Screenshot of a 'Create provider profile' modal with fields for 'Name', 'Provider', 'Region', and 'API Key', and 'Cancel' and 'Create' buttons. You can switch or update provider credentials at any time.

Publish your agent

When you’re satisfied with testing:
  1. Click Publish in the agent editor.
  2. Confirm the configuration. Any unsaved changes are applied automatically.
  3. The agent is now live and available for API integration or frontend SDK.
  4. You can un-publish an agent at any time to restrict access.

Best practices

  • Start simple: Begin with a basic prompt and a simple tool, then iterate. To learn more about prompts, see Tips for writing efficient prompts.
  • Test often: Use the playground to validate agent logic and outputs.
  • Monitor usage: Review agent performance and cost.

Next steps

Integrate Agent Studio

Filter suggestions

You can enhance your agent-powered experiences by adding Filter Suggestions to your search UI. Filter Suggestions help users discover relevant filters based on their queries and context, improving engagement and conversion. The model used should be a faster, cheaper one (for example gpt-4.1-mini), as suggestions don’t require deep reasoning. You can use the Filter Suggestions widget with both React InstantSearch and InstantSearch.js.
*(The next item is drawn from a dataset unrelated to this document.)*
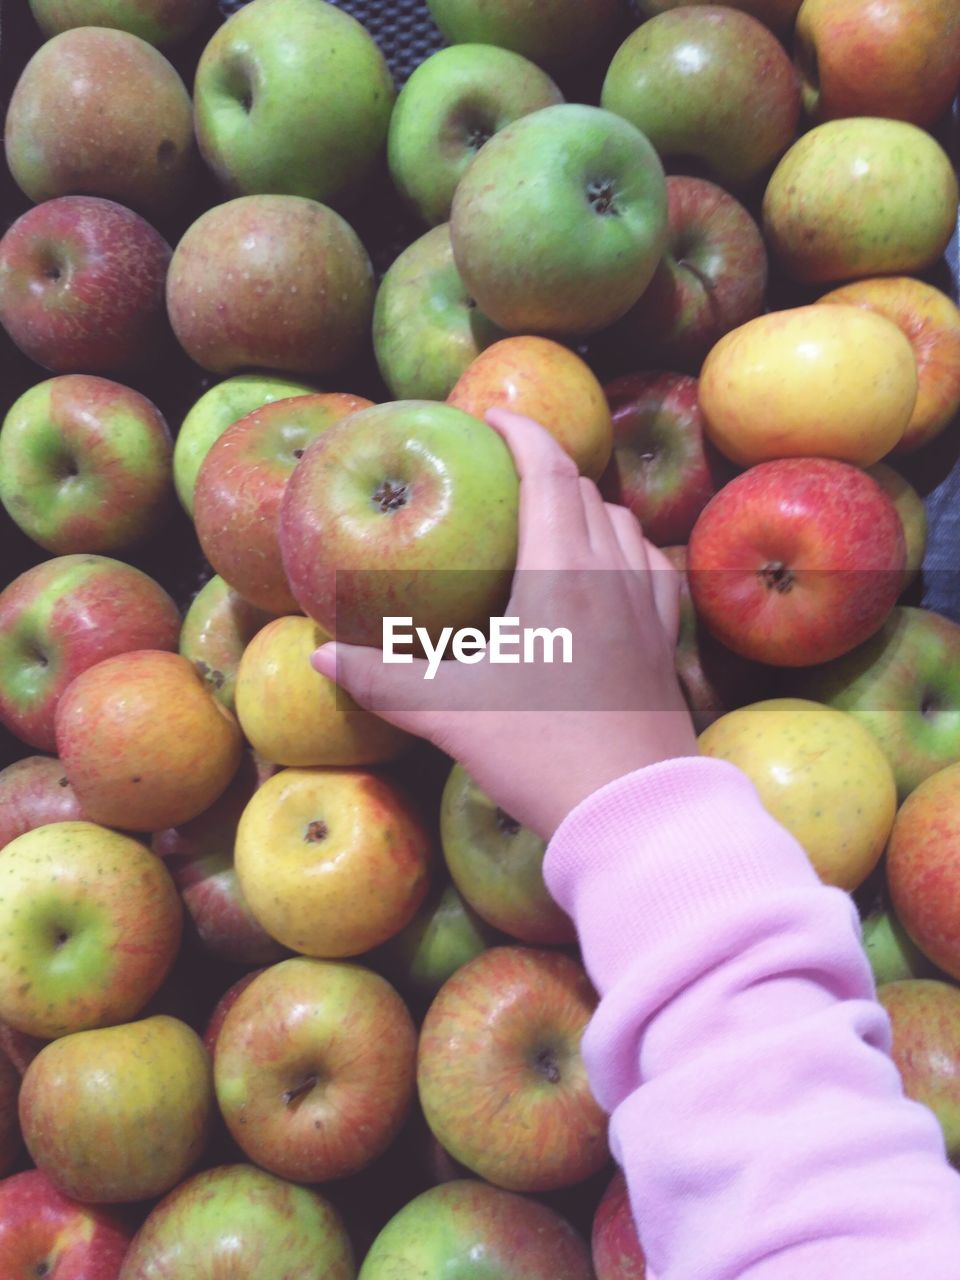 CLOSE-UP OF HAND HOLDING APPLES

For full API details, see the React API reference or JS API reference.

React example

React InstantSearch
import { InstantSearch, FilterSuggestions } from 'react-instantsearch';

<InstantSearch /* ...props */>
  {/* ...other widgets */}
  <FilterSuggestions
    attributes={['brand']}
    // ...other props
  />
</InstantSearch>;

JavaScript example

InstantSearch.js
import instantsearch from 'instantsearch.js';
import { filterSuggestions } from 'instantsearch.js/es/widgets';

const search = instantsearch({
  // ...options
});

search.addWidgets([
  filterSuggestions({
    container: '#filter-suggestions',
    attributes: ['brand'],
    agentId: 'your-agent-id',
    // ...other options
  }),
]);
For more details and customization options, see the integration guide.